Celebrating menopause breaks the silences of a lifetime and forges a future of openness and sharing.
For the Mount Airy crowd, we held a Shabbat morning service and a Saturday night Hanukkah-and-birthday party. But in the late afternoon of Shabbat, which was on the winter solstice weekend and just before Hanukkah began, I gathered with my women friends to celebrate my menopause.
To these women I had proposed that we celebrate a "seder of womanhood"--the order of the stages of womanhood as I had experienced them in my life. As with the traditional Passover seder and the increasingly familiar Tu Bishvat seder, we drank four cups of beverage as we told our individual stories. We are taught in Pirkei Avot [Ethics of the Fathers] that 50 is the age of advice-giving; but in keeping with modern feminist practice, rather than giving advice, we shared lessons we had learned from each stage of our woman-life.

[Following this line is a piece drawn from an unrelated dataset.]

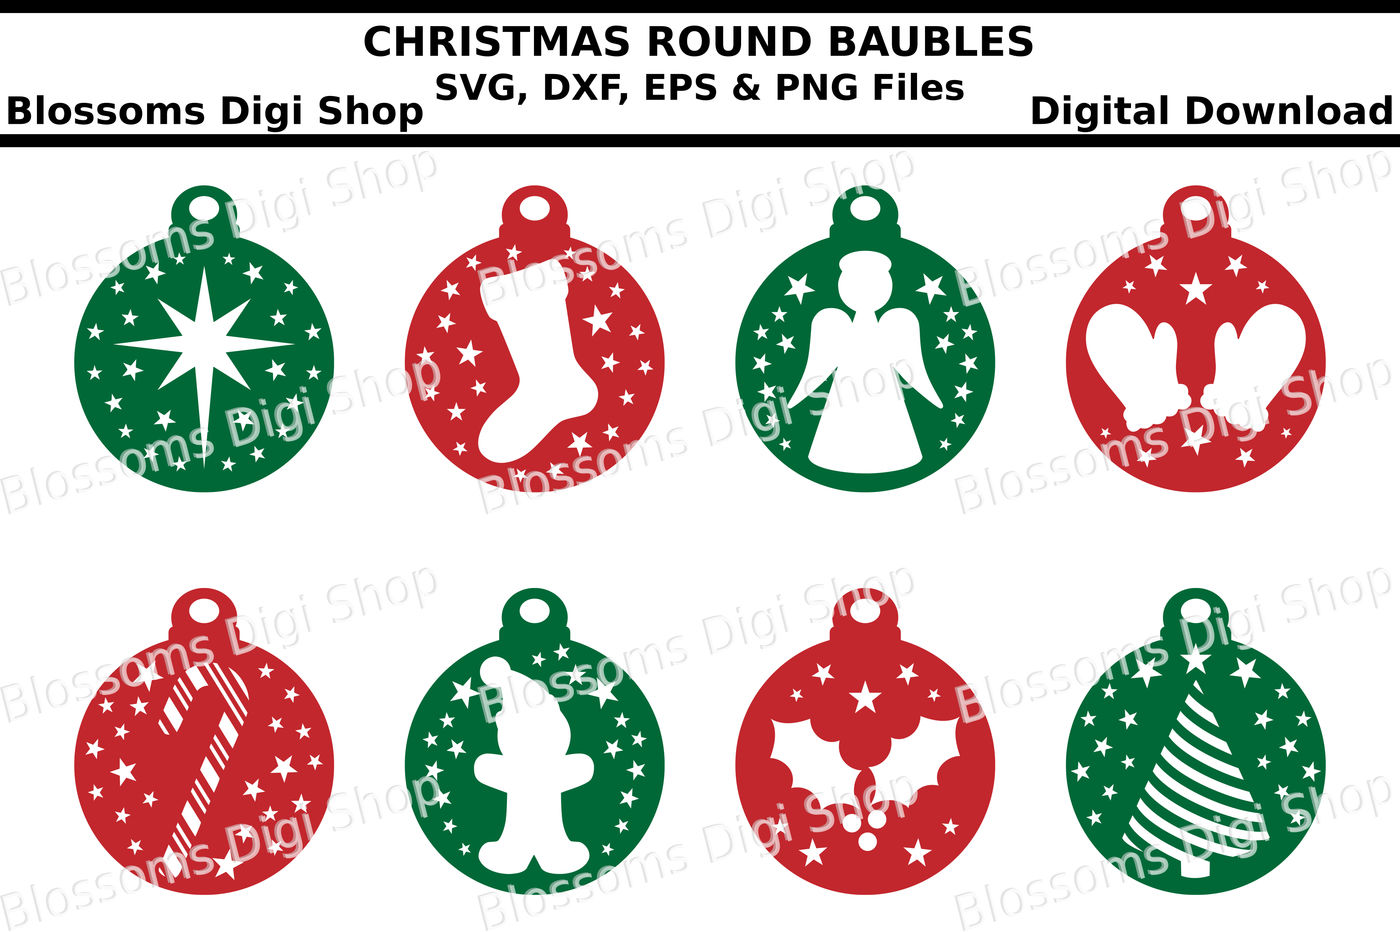 Christmas Baubles Svg Eps Dxf And Png Cut File By Blossoms Digi Shop Thehungryjpeg Com

For the first cup, I served a bright red sangria. (Cherry-apple cider was served to non-alcohol drinkers.) Sangria, the "drink" of my adolescence, represented my first stage of womanhood, menstruation. The group shared stories, some funny and some sad, about first periods and the silence around them; about later periods and their weightiness in our lives--hoping for them when we feared we might be pregnant, fearing them when we prayed we might be pregnant. We recognized ourselves again and again in each other's stories. Then we drank the first cup.
As we moved on, I suggested a guideline for the remaining three cups: Since everyone in the room had already reached the stage of menstruation, we had all been able to speak from our own experiences. For each of the following cups, women could speak only if they had already reached the stage of life represented by that cup.
The second cup, a sparkling champagne (sparkling apple cider for non-alcohol drinkers), was for my second stage of woman-life--the bubbly, heady introduction to sex and love. Again, we spoke about the silences that had heralded this stage of life: how little we had known about our own bodies, about our own pleasures, about the wide range of potential loving partners (women as well as men). This was not the bawdy, bragging talk of the locker room but rather the sad, sweet talk, long overdue, of innocence and ignorance, of surprise and delight.
The third cup, milk (soymilk for non-dairy drinkers), marked my third stage: pregnancy, childbirth, nursing, child-raising. Not surprising, we again spoke of silences--the silence of abortion, of adoption, of not having children, of the sensuality of nursing, of the passionate protection of and connection to our children.
The fourth cup, water (mineral water for purists), represented the totally open possibilities of the fourth stage of woman-life: menopause. Only about eight in the group had reached menopause, and there was a significant difference in our sharing. What I had imagined would be the most silent of the life-stages, and potentially the most depressing, now appeared quite the opposite.